Britain’s best-known right-wing Brexiteer has long haunted Tory dreams, but did you know he’s actually a Keir Starmer-loving pinko who wants to help them nationalize your grandmother?

Farage, who is posing a major challenge to the Tories on the right, unveiled his Reform UK manifesto Monday, and the Conservatives took he opportunity to bundle up all their attack lines into one neat, and definitely-not-terrified package.

Nigel Farage, who is posing a major challenge to the Tories on the right, unveiled his Reform UK manifesto Monday. | Dan Kitwood/Getty Images

“A vote for Reform risks delivering an unaccountable Labour majority,” a Tory spokesman said.

“That would hand Keir Starmer a blank check to raise your taxes, take no action on illegal immigration, and even rejoin the EU, with no way to stop him,” the spokesman went on.

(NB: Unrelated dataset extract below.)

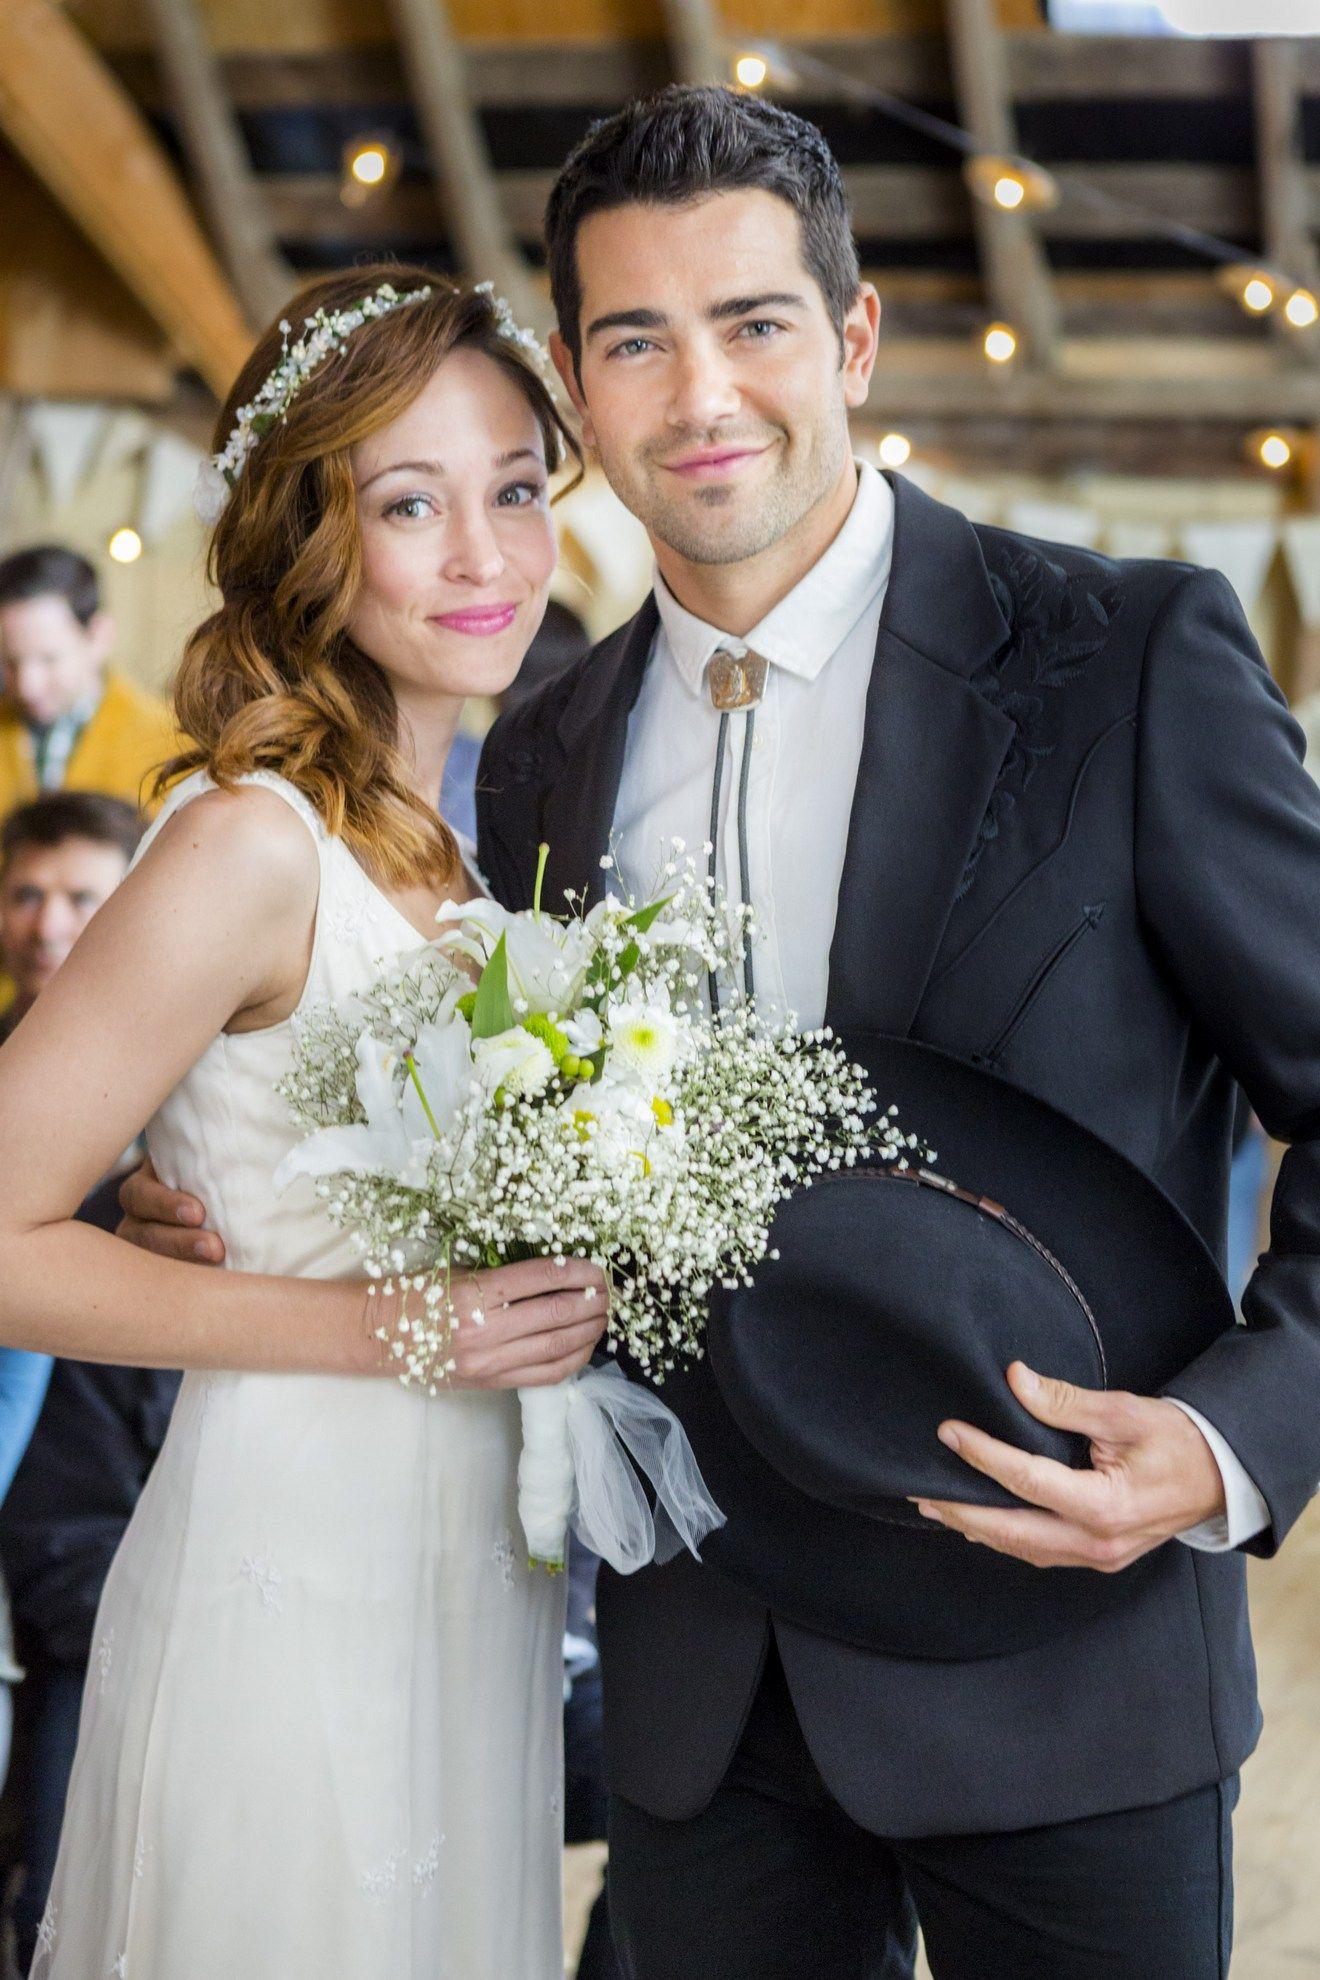 Pin by Ken Rosier on Hallmark movies in 2020 Wedding

Warming to the theme, the spokesperson added: “If you’re thinking about voting for Reform, and a generation under Labour scares you, there’s only one way to prevent it: vote Conservative.”

It’s certainly a take.

And here’s 6 people they aren’t blaming

Conservative Prime Minister Rishi Sunak … Former Conservative Prime Minister Liz Truss … Former Conservative Prime Minister Boris Johnson … Conservative Campaign Chief Isaac Levido … Brexit referendum-calling former PM-turned-Foreign Secretary David Cameron.